§ Exercise brief
Print the lines in the listing below that fall between the line with "Meet WolfNet's Responsive" and the line with "37be8ea283f Odessa - Hats Stetson", those two lines included, exactly as they stand and with nothing else.
=-=-=
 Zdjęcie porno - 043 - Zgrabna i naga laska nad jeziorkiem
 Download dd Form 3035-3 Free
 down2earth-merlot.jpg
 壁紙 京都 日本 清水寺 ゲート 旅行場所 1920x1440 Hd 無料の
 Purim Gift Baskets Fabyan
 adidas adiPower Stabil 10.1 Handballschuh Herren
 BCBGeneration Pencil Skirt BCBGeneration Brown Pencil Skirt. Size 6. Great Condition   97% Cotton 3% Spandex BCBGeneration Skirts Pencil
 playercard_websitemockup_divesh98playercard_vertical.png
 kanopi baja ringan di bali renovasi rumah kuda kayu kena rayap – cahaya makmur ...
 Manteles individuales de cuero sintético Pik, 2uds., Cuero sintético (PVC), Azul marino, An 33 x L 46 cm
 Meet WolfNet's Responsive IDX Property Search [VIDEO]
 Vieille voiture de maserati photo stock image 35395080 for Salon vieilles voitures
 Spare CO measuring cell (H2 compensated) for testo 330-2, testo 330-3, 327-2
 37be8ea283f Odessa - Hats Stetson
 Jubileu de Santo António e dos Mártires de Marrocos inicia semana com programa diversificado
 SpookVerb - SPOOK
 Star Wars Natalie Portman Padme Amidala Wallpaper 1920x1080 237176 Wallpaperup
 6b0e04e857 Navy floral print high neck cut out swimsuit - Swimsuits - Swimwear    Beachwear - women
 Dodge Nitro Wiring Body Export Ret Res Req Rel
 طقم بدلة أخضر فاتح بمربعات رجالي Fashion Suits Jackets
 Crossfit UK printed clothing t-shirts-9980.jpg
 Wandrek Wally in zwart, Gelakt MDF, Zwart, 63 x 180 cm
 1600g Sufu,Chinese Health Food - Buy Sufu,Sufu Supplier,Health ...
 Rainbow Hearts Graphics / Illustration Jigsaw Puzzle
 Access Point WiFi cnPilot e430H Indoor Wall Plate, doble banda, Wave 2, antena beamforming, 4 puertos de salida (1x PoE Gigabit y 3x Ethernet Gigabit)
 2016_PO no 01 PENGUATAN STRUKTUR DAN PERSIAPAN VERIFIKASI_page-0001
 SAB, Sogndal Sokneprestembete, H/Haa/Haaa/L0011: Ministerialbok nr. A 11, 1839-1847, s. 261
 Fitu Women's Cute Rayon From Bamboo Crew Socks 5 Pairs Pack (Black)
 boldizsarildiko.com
=-=-=
§ Solved exercise
 Meet WolfNet's Responsive IDX Property Search [VIDEO]
 Vieille voiture de maserati photo stock image 35395080 for Salon vieilles voitures
 Spare CO measuring cell (H2 compensated) for testo 330-2, testo 330-3, 327-2
 37be8ea283f Odessa - Hats Stetson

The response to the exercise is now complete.